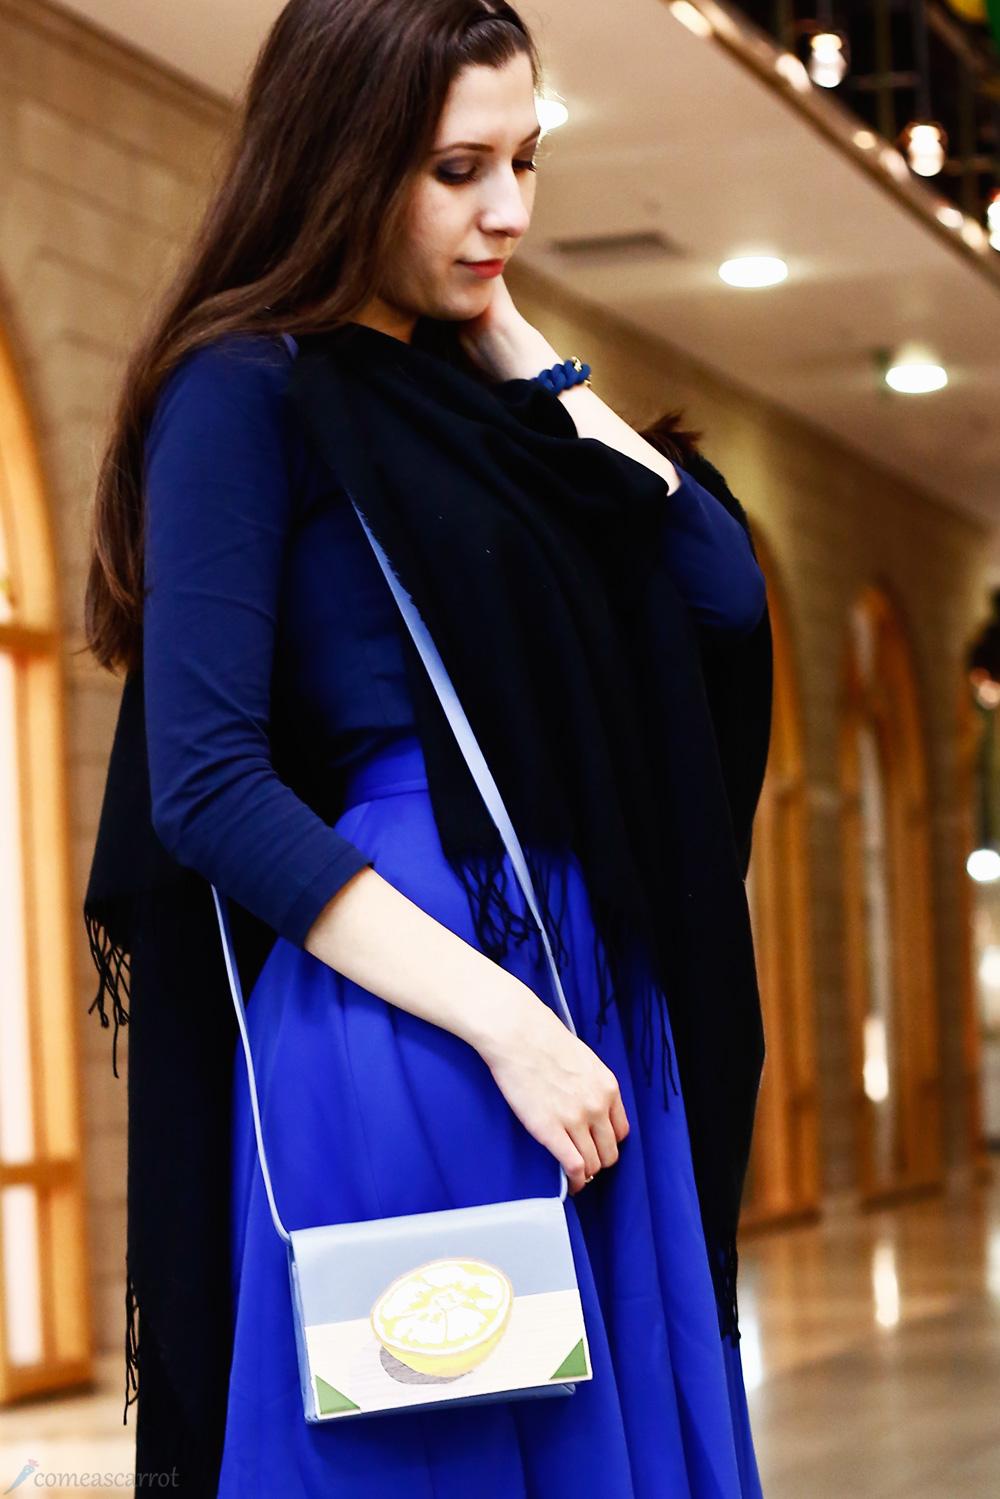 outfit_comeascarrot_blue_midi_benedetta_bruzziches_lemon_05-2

--

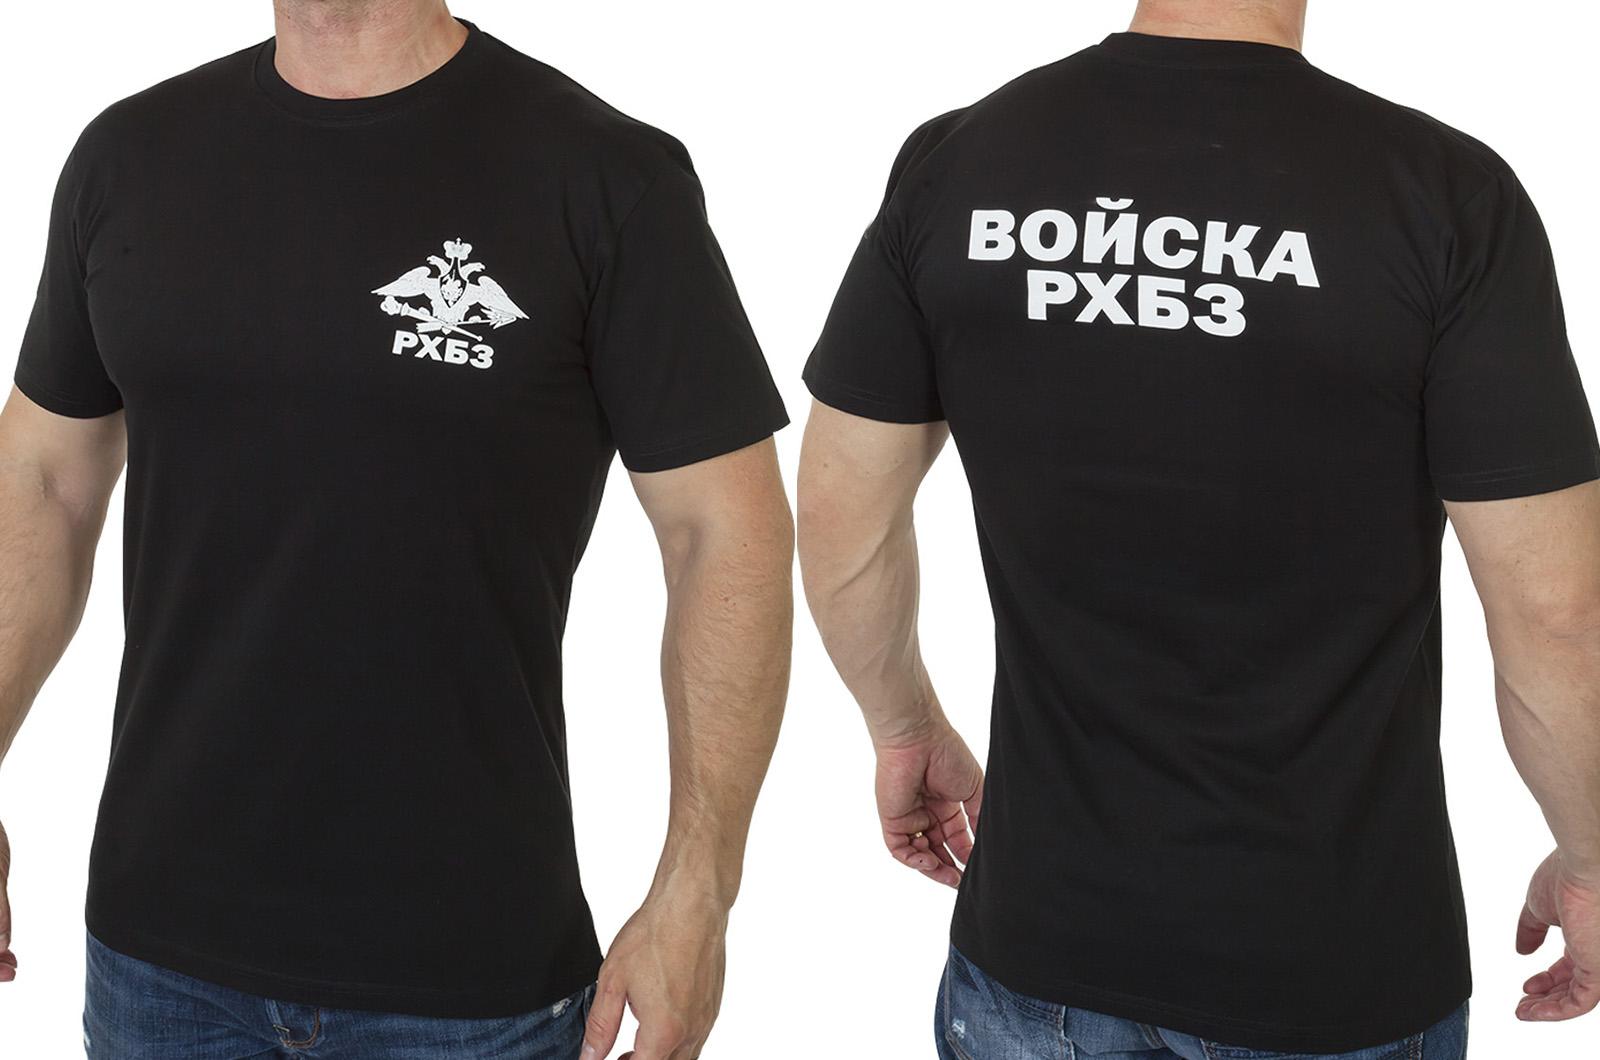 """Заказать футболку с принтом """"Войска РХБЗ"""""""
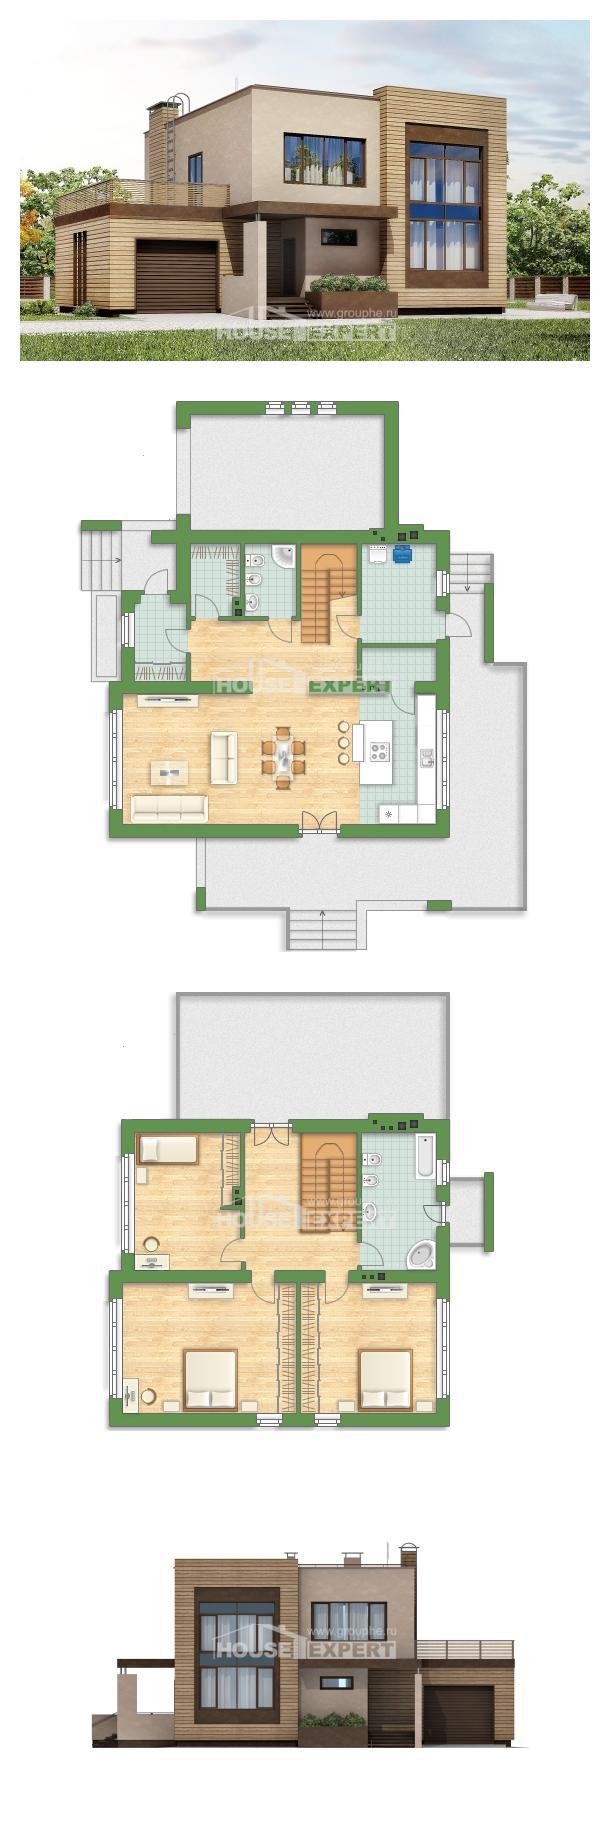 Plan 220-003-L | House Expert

--

• **Assignment**
Look above for the line with "футболку с принтом" and the line with "Plan 220-003-L | House Expert", then restate exactly those two lines and all lines between them, with no pictures.

• **Solution to the exercise**
 """Заказать футболку с принтом """"Войска РХБЗ"""""""
 Plan 220-003-L | House Expert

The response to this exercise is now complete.